Typisch Hollands fenomeen uit de gratie: nog maar 13 procent kiest voor thuisbevalling
Aangemaakt op in zorgnieuws / algemeenSteeds minder vrouwen bevallen thuis. Uit de laatste cijfers van de Stichting Perined uit 2015 blijkt dat 13 procent van de moeders thuis hun kind kreeg, tegenover 23 procent tien jaar eerder.
In 2015 bevielen 166.733 vrouwen van 169.267 kinderen. Van alle vrouwen beviel 71 procent onder verantwoordelijkheid van een gynaecoloog, 29 procent deed dat onder verantwoordelijkheid van een verloskundige of huisarts. Van die laatste groep werd 13 procent doorverwezen naar het ziekenhuis. De overige 13 procent beviel thuis, 2,4 procent in een geboortecentrum.
In 2015 overleed 7 procent van de kinderen in de periode van de zwangerschap (gemeten vanaf 22 weken) tot 28 dagen na de geboorte. In 2014 bedroeg het sterftecijfer 7,8 procent.
Perined is een samenwerkingsverband van vijf beroepsorganisaties in Nederland die zich bezighouden met de perinatale zorg. Jaarlijks publiceren ze een jaarboek met onder meer cijfers over bevallingen.
Verwoede discussie
De thuisbevalling is een typisch Nederlands fenomeen, net zoals kraamzorg aan huis. In het buitenland is de ziekenhuisbevalling vaak de norm. De locatie van bevallingen leidt hier al jaren tot discussie.
Voorstanders van de thuisbevalling verwijzen naar een onderzoek van TNO uit 2008 waaruit blijkt dat 70 procent van de ouders graag thuis een kind krijgt. Dat toch steeds meer vrouwen in het ziekenhuis bevallen, heeft volgens deze groep te maken met een groeiend aantal doorverwijzingen. Of omdat vrouwen door een gebrek aan ziekenhuizen in de buurt ver moeten reizen. Of omdat ze bang gemaakt zouden zijn door de stroom negatieve artikelen over thuisbevallen.

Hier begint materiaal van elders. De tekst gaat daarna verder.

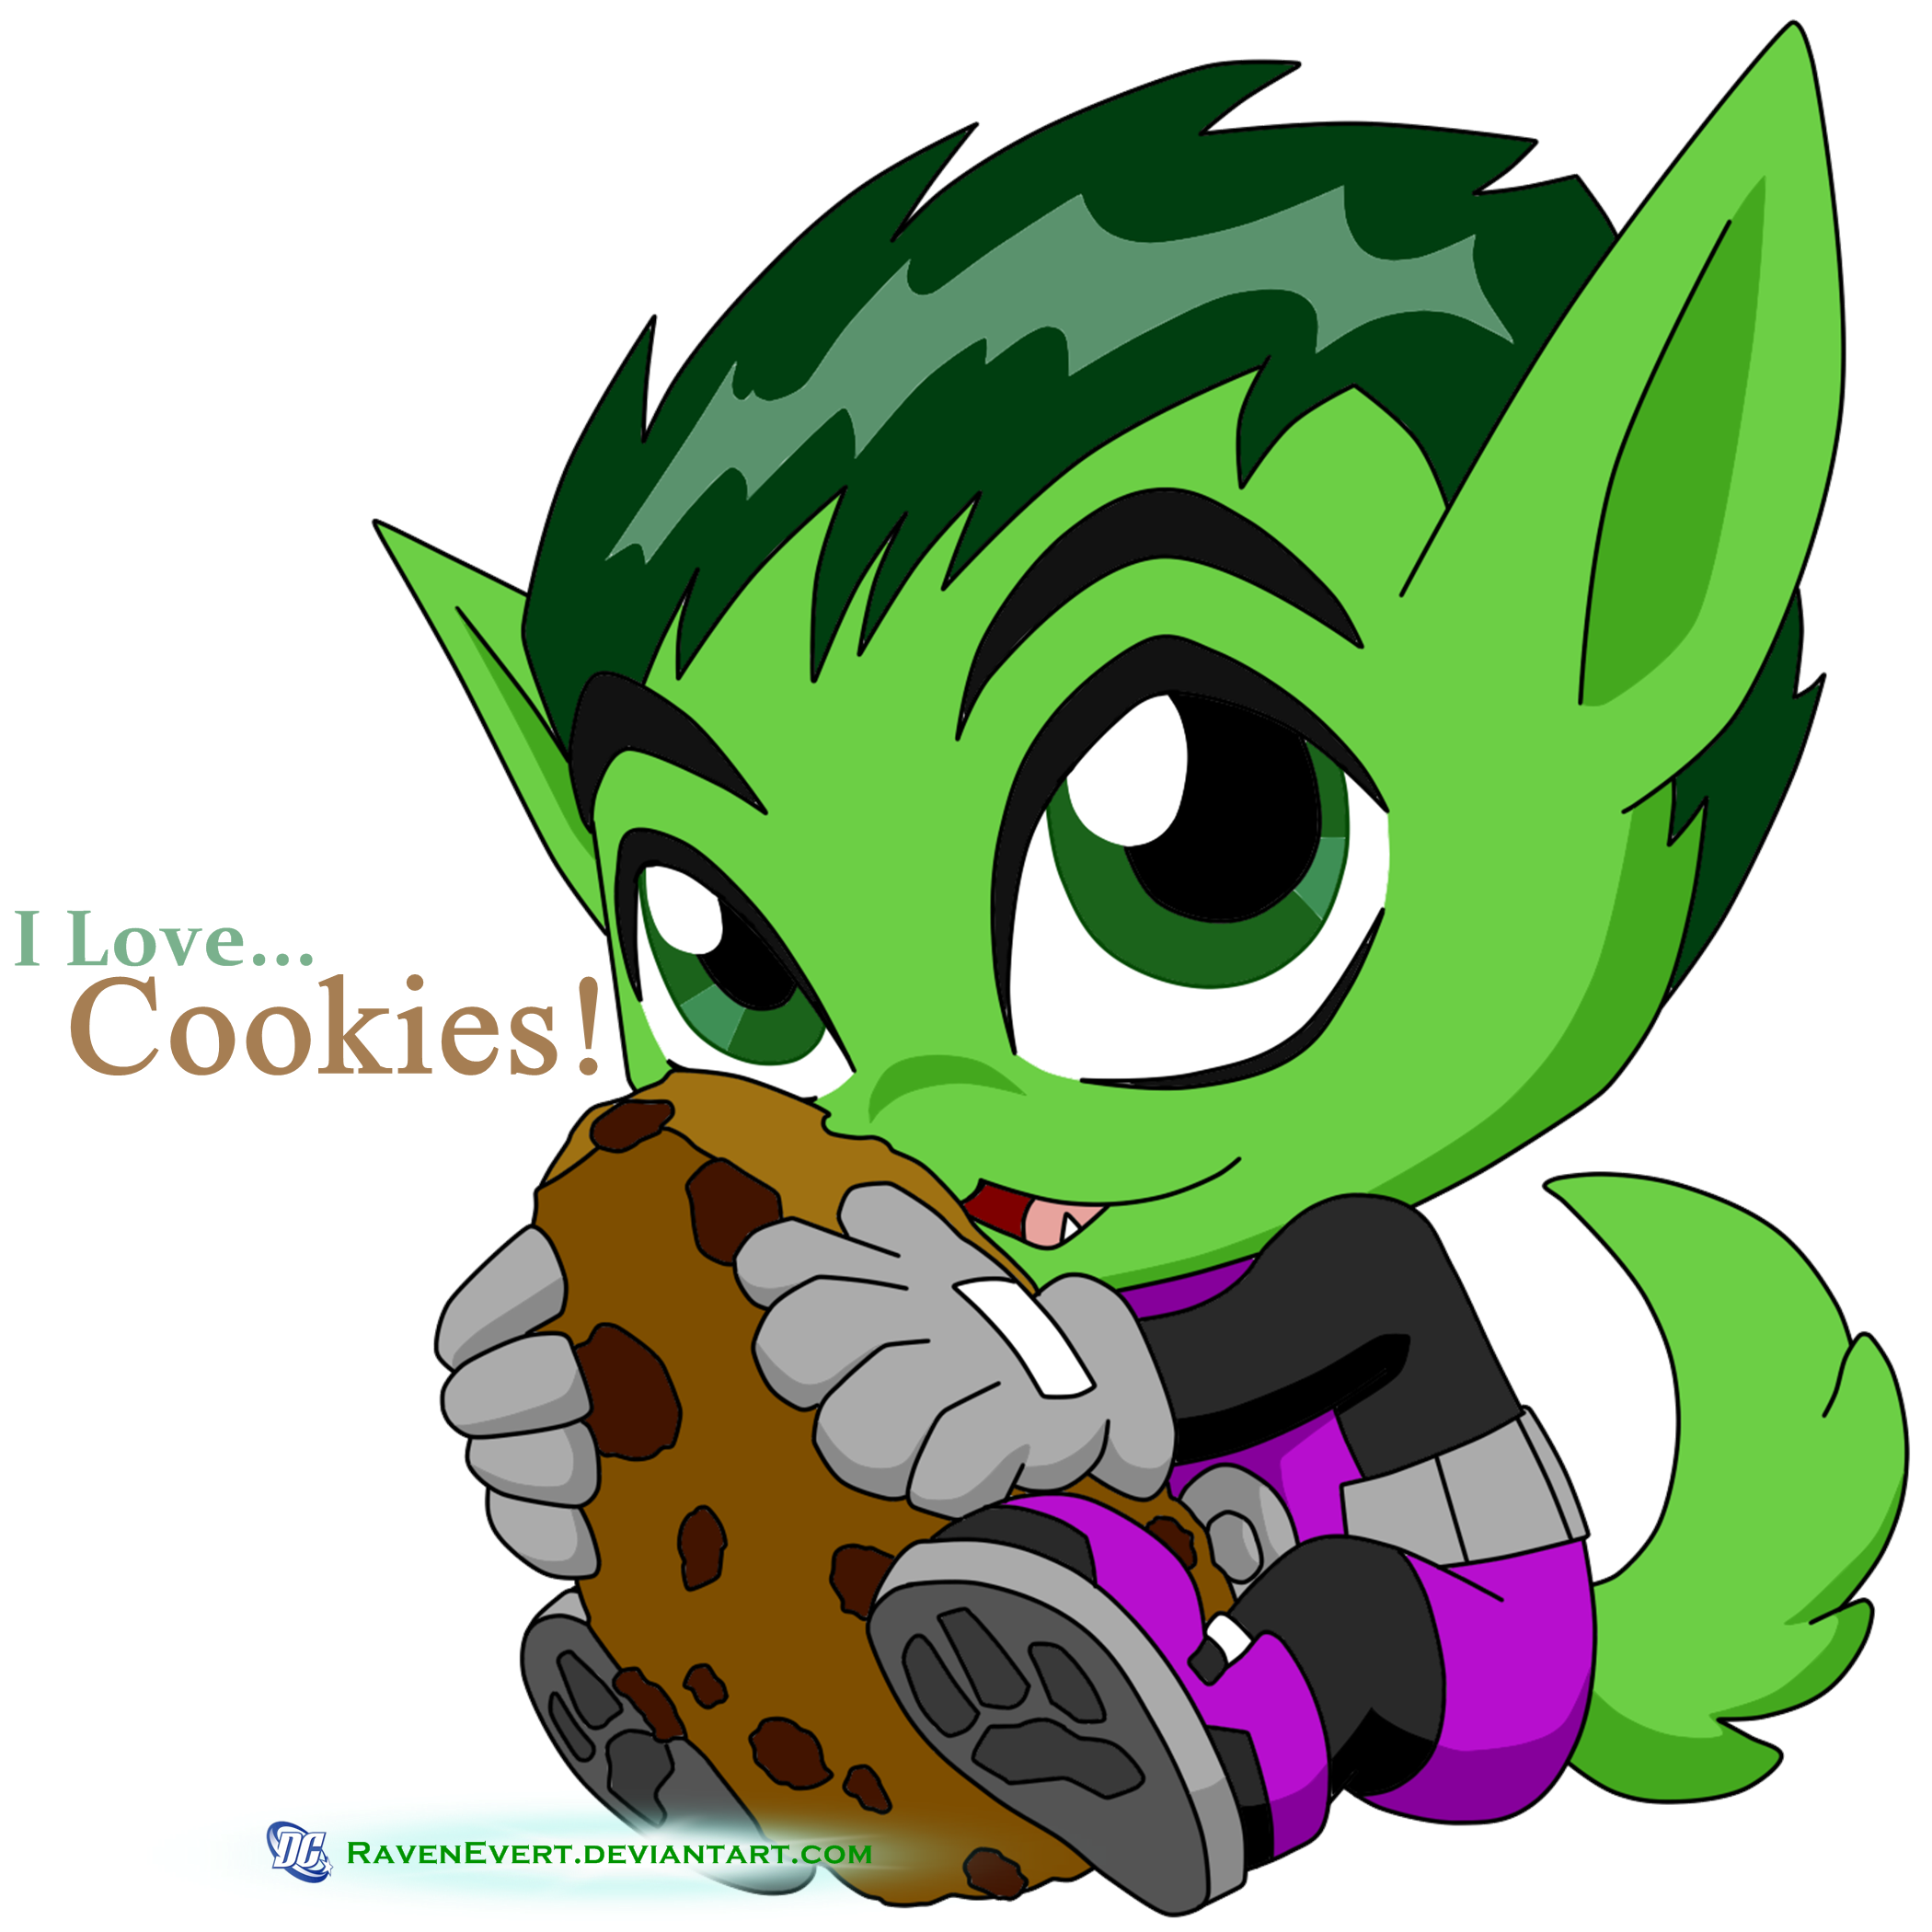 I Love Cookies! by RavenEvert

Tegenstanders van de thuisbevalling stellen dat het veel veiliger is om in het ziekenhuis te bevallen, vooral omdat daar specialistische hulp aanwezig is. Ook is er dan voldoende mogelijkheid voor goede pijnbestrijding. Het relatief hoge babysterftecijfer in Nederland zou volgens diezelfde tegenstanders te maken hebben met de wens van vrouwen om thuis te bevallen.
Het laatste, officiële vergelijkende onderzoek uit 2010 toonde aan dat Nederland op vijf landen na de hoogste babysterfte heeft van Europa: 9 op de 1.000 kinderen sterven vlak voor, tijdens of na de geboorte. Sindsdien zijn de cijfers gedaald, maar het is nog niet duidelijk wat dit betekent voor de positie. Vooralsnog lijkt Nederland in de middenmoot beland.
Twee gescheiden werelden
Verloskundigen en gynaecologen vormen in Nederland van oudsher twee gescheiden werelden. De verloskundige deed vroeger vooral thuisbevallingen, terwijl de gynaecoloog in het ziekenhuis werkte. Nadat bekend was geworden dat Nederland slecht presteerde op het gebied van de babysterfte, vochten de beroepsverenigingen van verloskundigen en gynaecologen elkaar de tent uit bij het aanwijzen van de oorzaken en oplossingen.
Vorig jaar barstte de bom nadat de vereniging van verloskundigen, de KNOV, boos was opgestapt uit een club die de geboortezorg moet verbeteren. Ook stemde de KNOV tegen een plan om de integrale geboortezorg tot stand te brengen. Een plan waaraan ze zelf twee jaar werkten.